The below notebook is an attempt to use various tools available in **python** to work on the dataset

**School_Donations** which contains over*4687884* record of the **schools**

their various departments, the **teachers** involved in the donation drives

and the *states* of **United States** which organized projects in the school

for the purpose of **donation generation**


**Importing the Libraries**

**numpy** for working on arrays

**pandas** for working and creating our own datasets

**matplotlib, pyplot, cufflinks** for visualisation of results

**datetime** Datetime module supplies classes to work with date and time. These classes provide a number of functions to deal with dates, times and time intervals.

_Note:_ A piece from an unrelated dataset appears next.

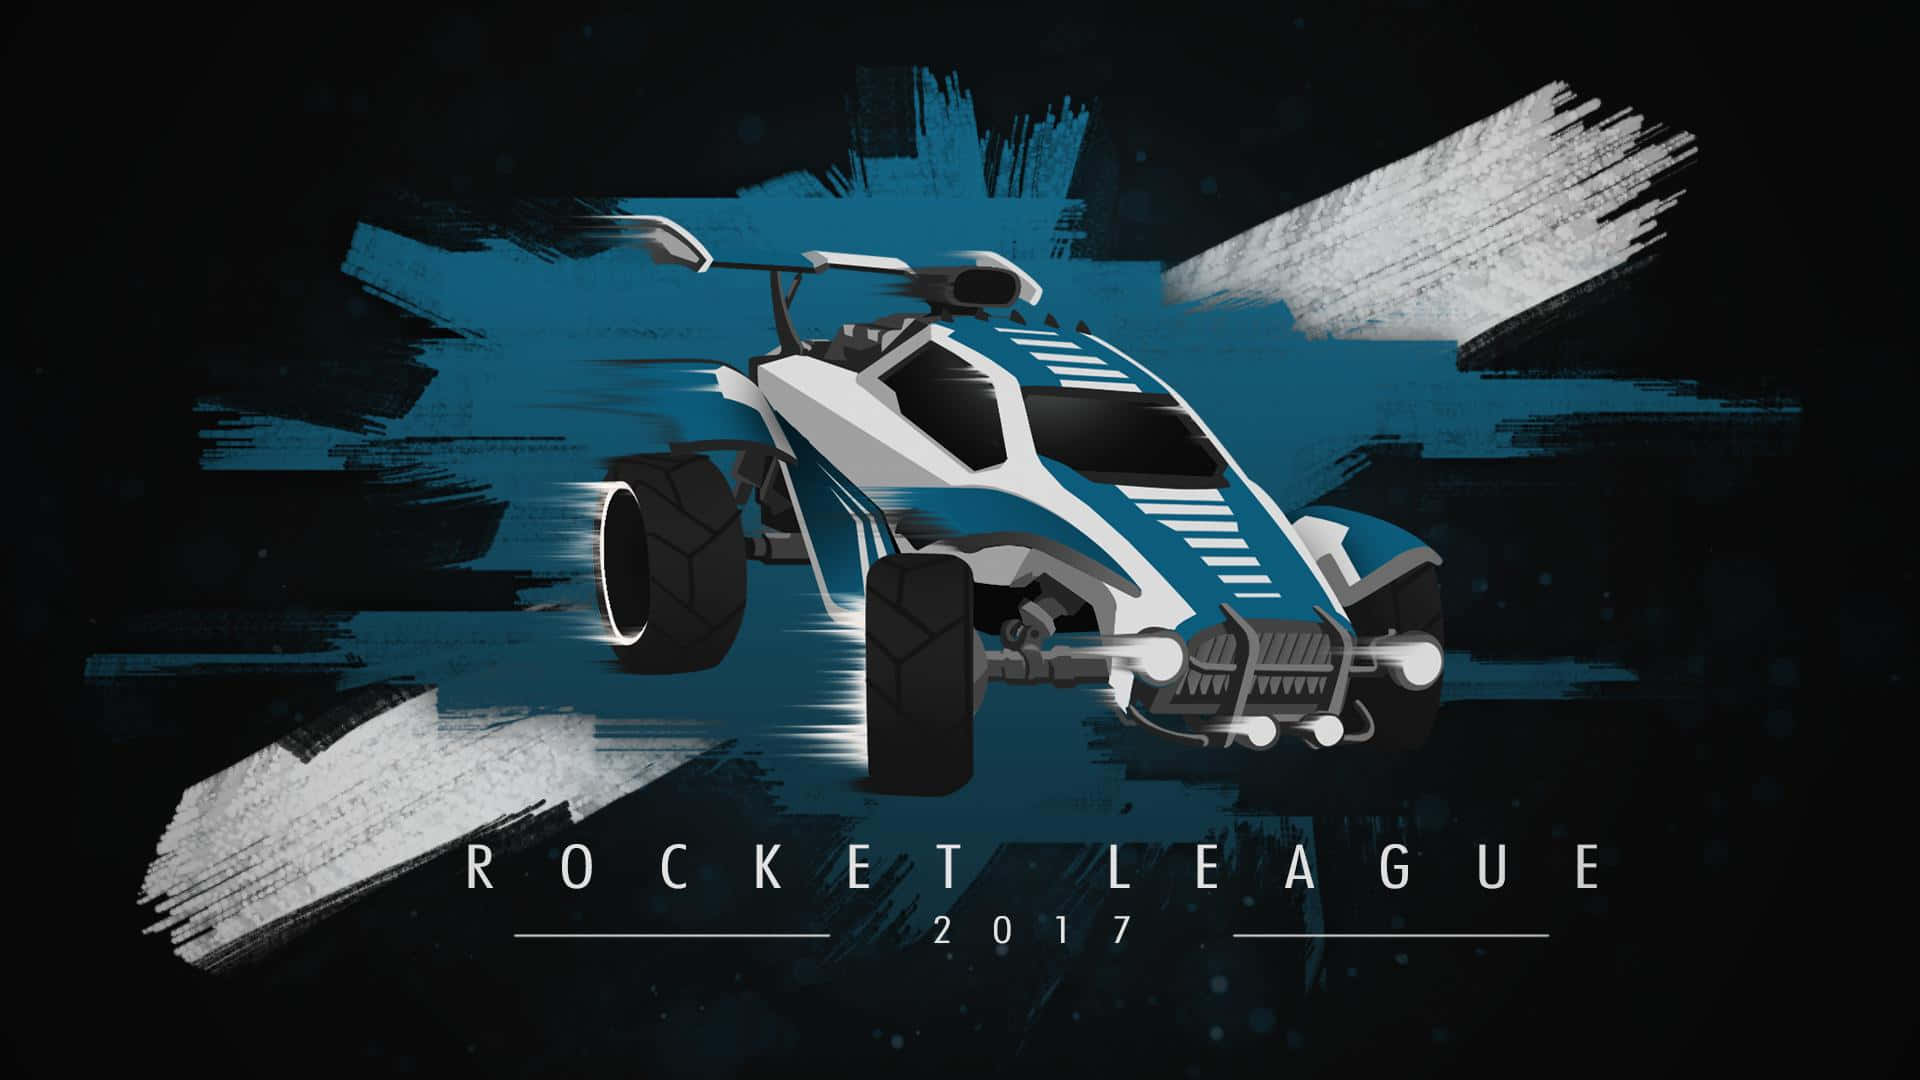 Let the Best Rocket League games Begin!

*An extensive use of **plotly and cufflinks** has been done*

In [1]:
import numpy as np
import pandas as pd
import matplotlib.pyplot as plt
import plotly.offline as of
import cufflinks as cf
import datetime as dt
%matplotlib inline

In [2]:
of.init_notebook_mode(connected = True)
cf.go_offline()

**Loading the Dataset**

In [3]:
donations = pd.read_csv('../input/school-donations/Donations.csv')
donors = pd.read_csv('../input/school-donations/Donors.csv')
projects = pd.read_csv('../input/school-donations/Projects.csv')
resources = pd.read_csv('../input/school-donations/Resources.csv')
schools = pd.read_csv('../input/school-donations/Schools.csv')
teachers = pd.read_csv('../input/school-donations/Teachers.csv')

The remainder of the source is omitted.